Nick Leddy, traded to the Islanders before the start of the 2014-15 season, has turned into a top-pairing defenseman. He entered the game with 10 goals (10th in the league among defensemen) and 24 assists and is averaging nearly 23 minutes per game. Leddy was a third-pairing guy in Chicago and never fully earned Quenneville’s trust. But he has earned Quenneville’s respect with his play in New York.
“He didn’t get a ton of ice time [with the Hawks], but you have to give him credit for how he progressed,” Quenneville said. “All of a sudden, he’s assuming [top] matchups, important minutes. You love the way he skates and moves the puck out of his own end. He’s [shown] some improvement to his game, where it looks like he’s gotten to the next level.”
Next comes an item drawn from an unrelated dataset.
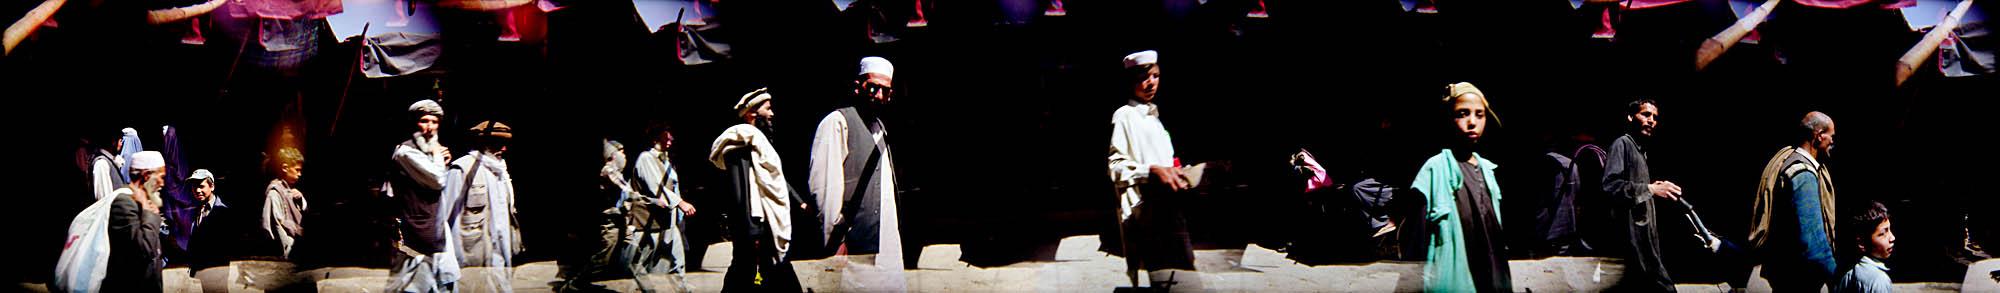 StoryAfghan0008
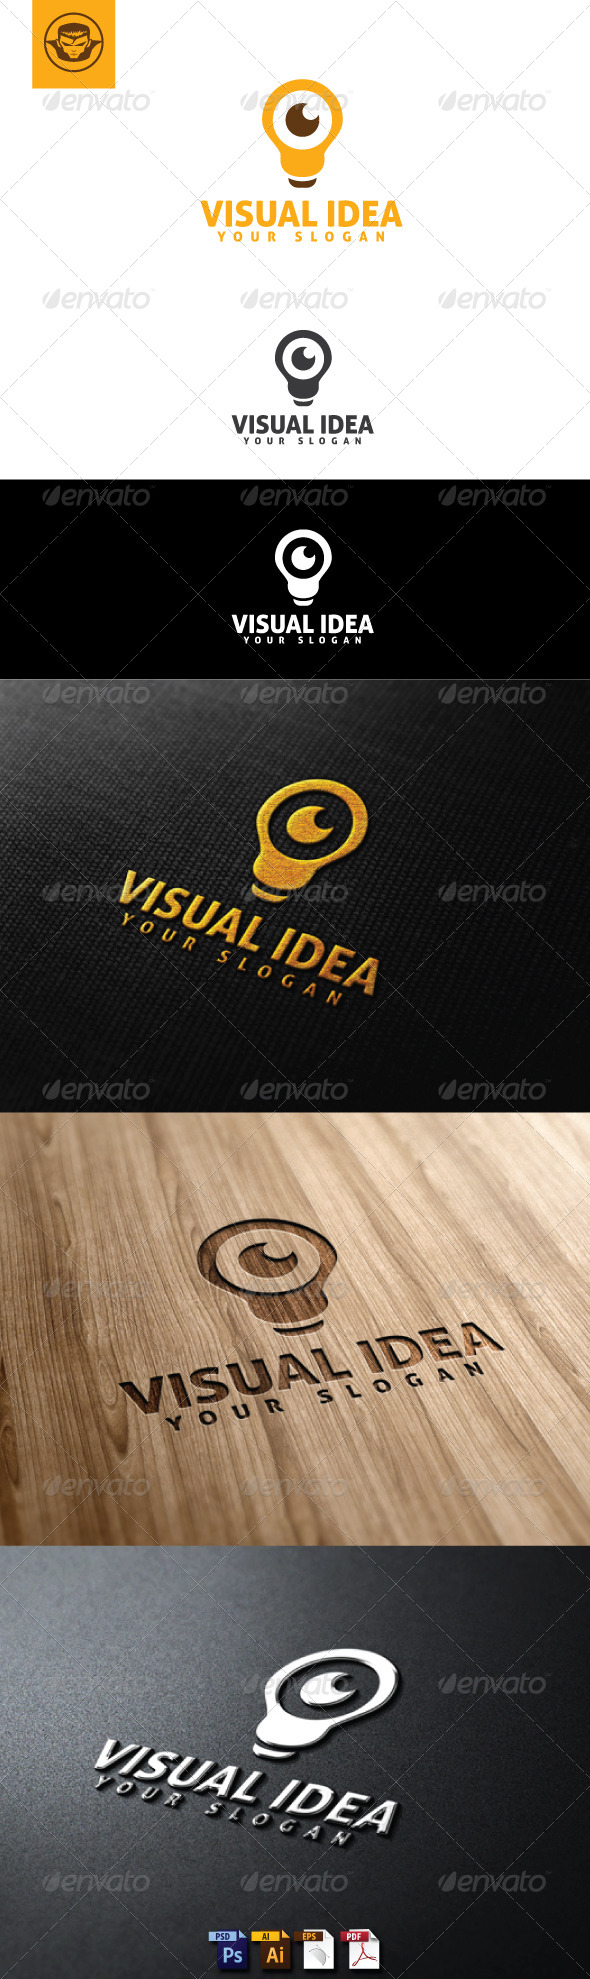 GraphicRiver Visual Idea Logo Template 5103733

Artem Anisimov participated in the morning skate Friday and could play Saturday in Nashville, a much quicker turnaround than expected after he left the game Wednesday with an apparent leg injury.
Schmaltz also could play. Niklas Hjalmarsson (upper body) should start skating over the weekend and is targeting a return Thursday against the Ducks.
Scott Darling participated in the morning skate but did not dress because of an upper-body injury. The Hawks recalled goaltender Jeff Glass from Rockford to serve as Corey Crawford’s backup.